2.4.5. Préparation au vicariat apostolique de Beni (1934-1938)

L`érection de Beni en mission indépendante stimula le zèle apostolique des missionnaires assomptionnistes. Il furent encouragés par la visite de leur Supérieur général, le Père Gervais Quénard venu au Congo pour un séjour de deux mois (04 novembre 1935-03 janvier 1936) durant lequel il s'intéressa aux œuvres réalisées et projetées par les missionnaires, leur prêcha une retraite annuelle.

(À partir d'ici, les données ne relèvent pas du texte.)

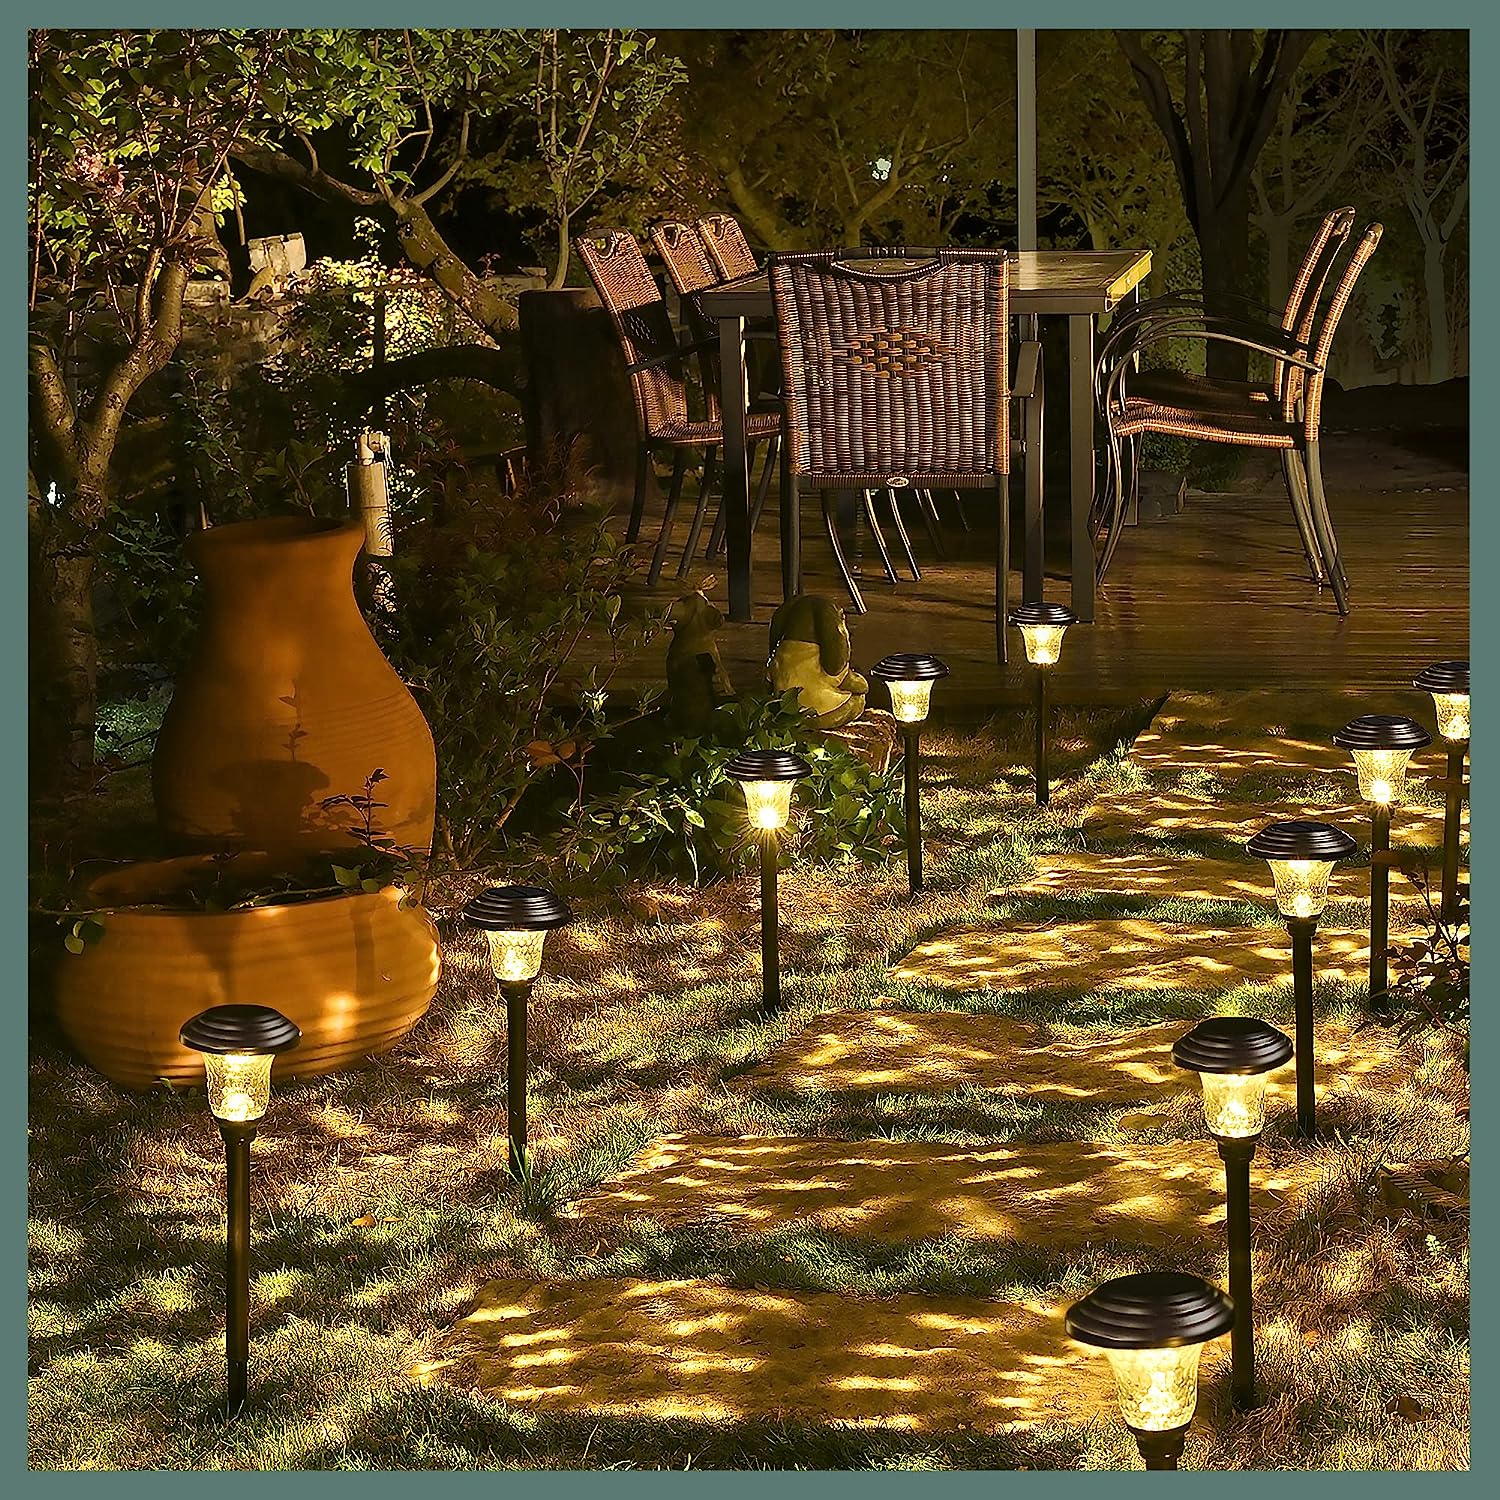 backyard patio with stone pathway lit by small lights leading to table and chairs
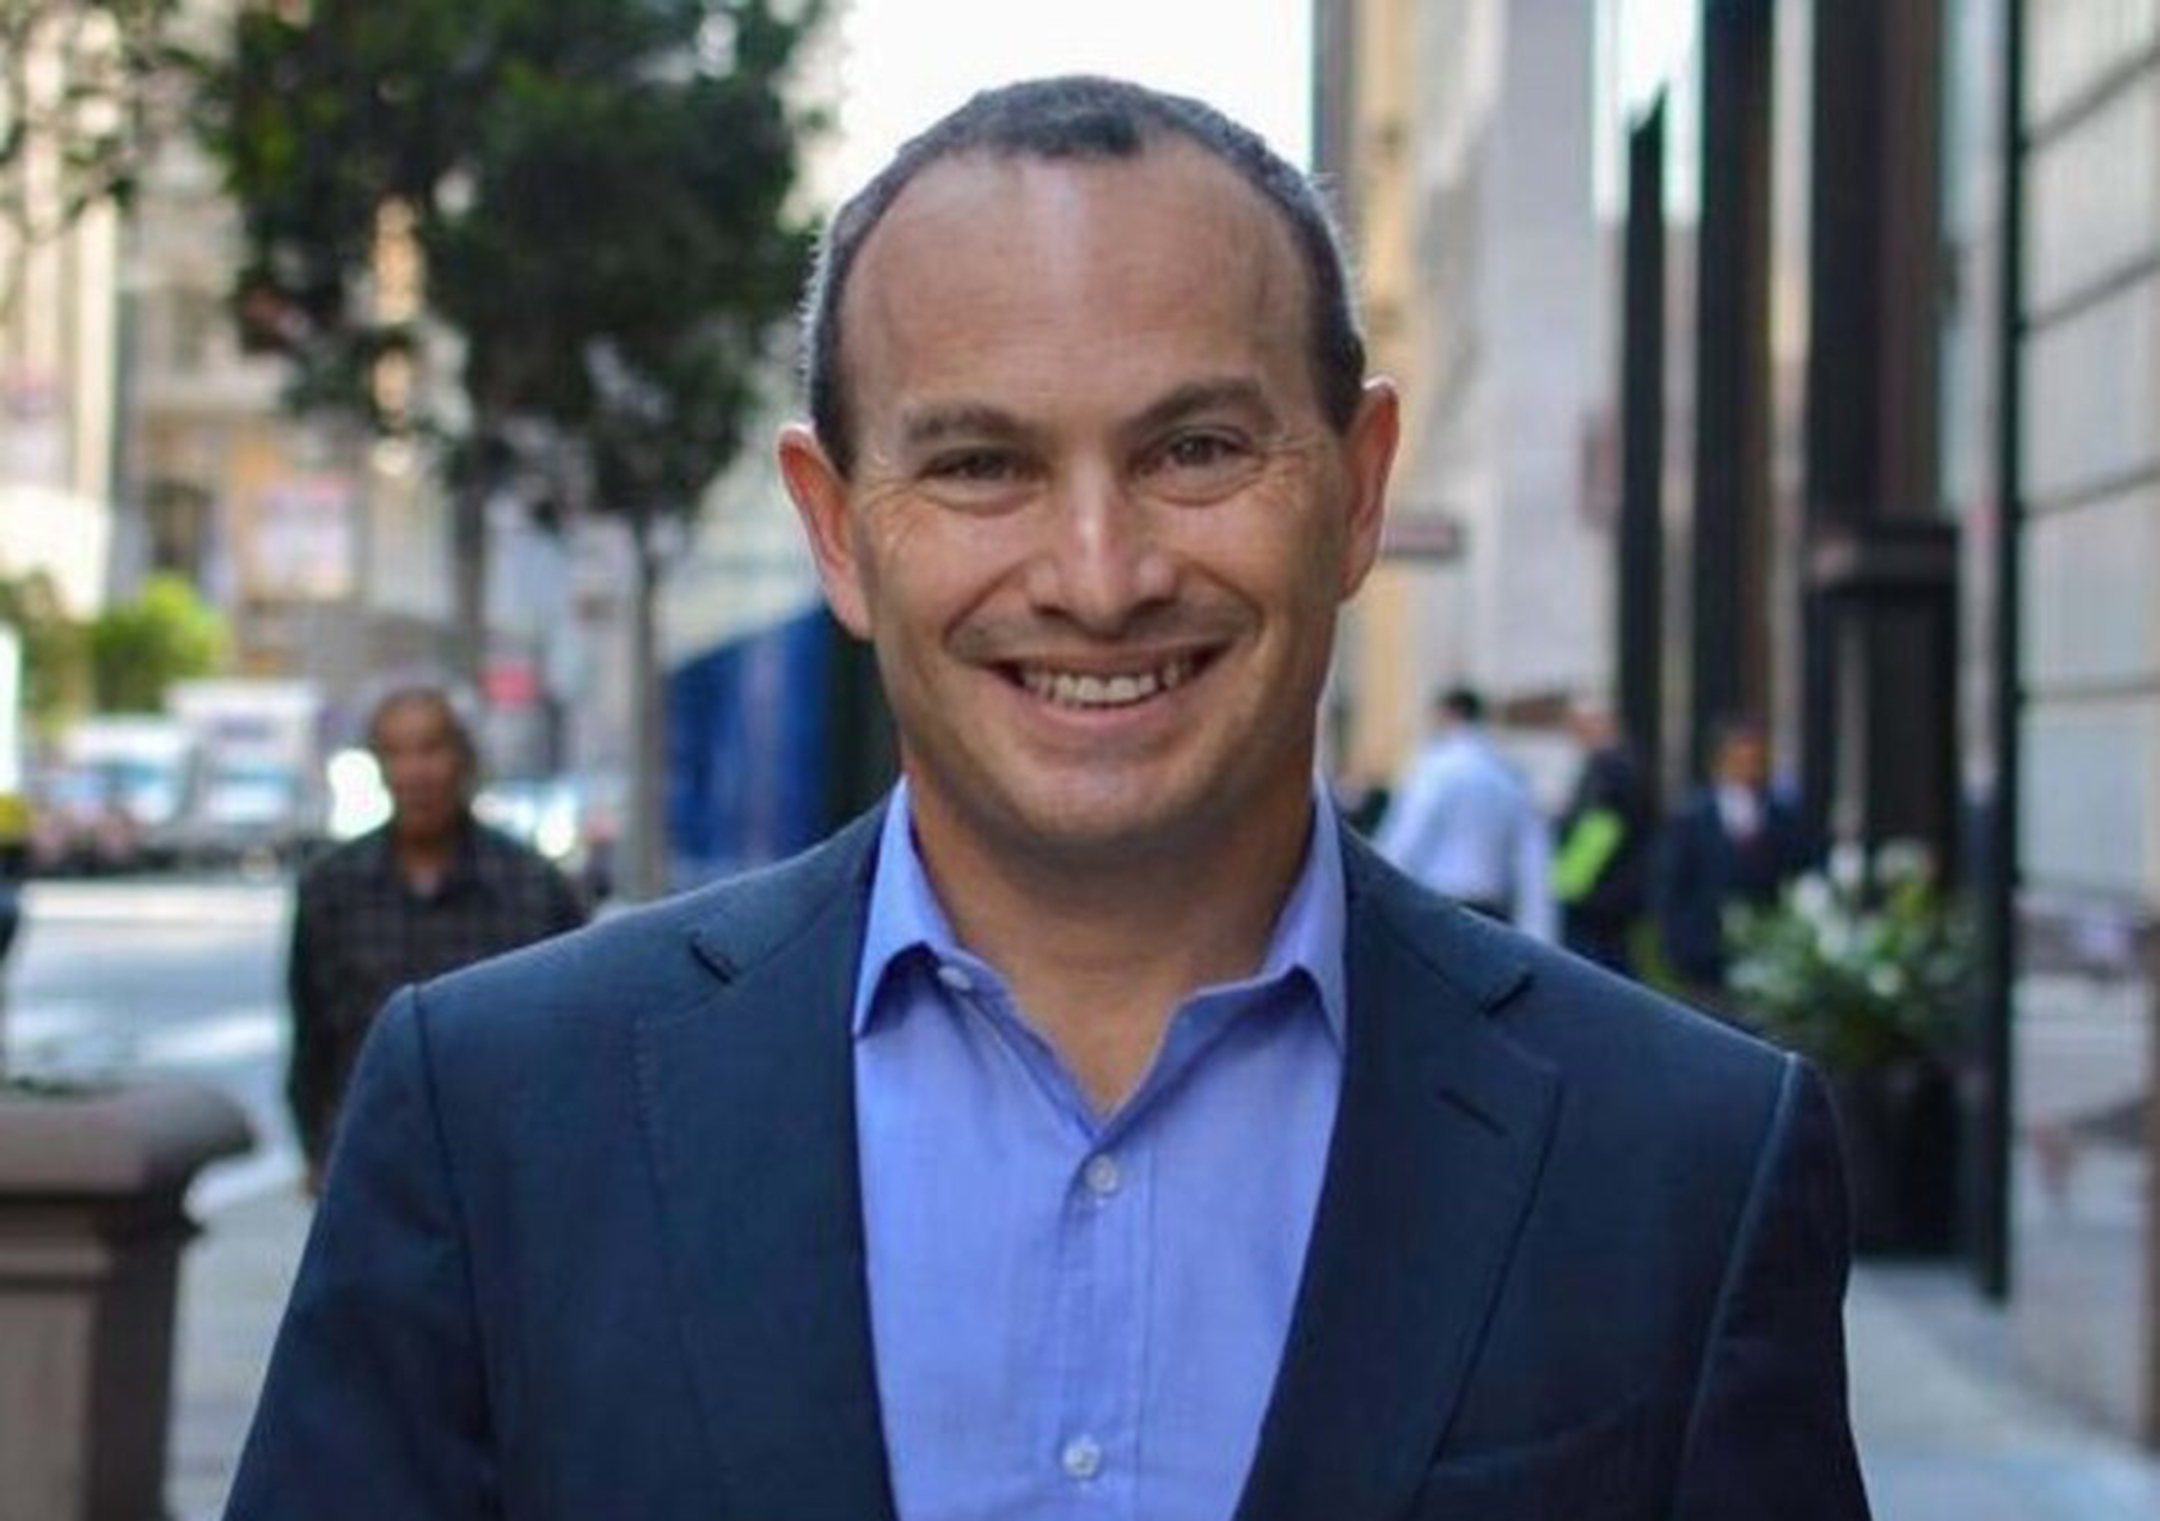 Photo of Evan Marwell smiling in a blue suit and blue shirt

Il vint aussi avec un groupe de trois missionnaires et des ânes qui faciliteraient les randonnées apostoliques des religieux dans les brousses. Ces présences furent ressenties par les missionnaires comme un appel á de nouvelles conquêtes stimulées par l`arrivée successive de deux groupes de nouveaux missionnaires en novembre et en décembre 1934.

Dès son retour en Europe, le Père Gervais Quénard publia son livre, Le Miracle des Églises noires. Il trouva un écho favorable auprès du pape Pie XI qui demanda la publication de son entretien avec le Père général dans l'Osservatore romano du 26 décembre 1936. Cette propagande missionnaire sur le Congo renforça par ailleurs l'enthousiasme de onze nouveaux missionnaires assomptionnistes.

Cette équipe masculine fut renforcée par l'arrivée du premier groupe missionnaire des Oblates de l'Assomption fondée en 1865 accueillies à Beni le 23 décembre 1935 où elles se mirent aussitôt au service de l'émancipation de la femme congolaise par l'instruction chrétienne et scolaire; s'engagèrent dans les œuvres sociales en soulageant les malades dans les dispensaires, en se souciant des orphelins, des lépreux, et en fondant des ouvroirs, des foyers sociaux, et des centre d'alphabétisation.

Grâce à la présence de ces deux congrégations religieuses missionnaires ; la mission connut une diversification des œuvres. Les missionnaires ouvrirent quatre nouveaux postes de mission : Bunyuka Notre Dame des Anges (1935), Mbingi Notre Dame des Lourdes (1935), Manguredjipa Saint Joseph (1937) et Kyondo, Marie Immaculée (1938). Ces nouvelles fondations exigèrent des missionnaires un travail de christianisation du peuple. Il se faisait par les randonnées continuelles en brousse, par l'instruction religieuse auprès des catéchumènes, par la régularisation des cas litigieux de mariages, et par l'instruction de la jeunesse dans les écoles centrales et rurales 620 .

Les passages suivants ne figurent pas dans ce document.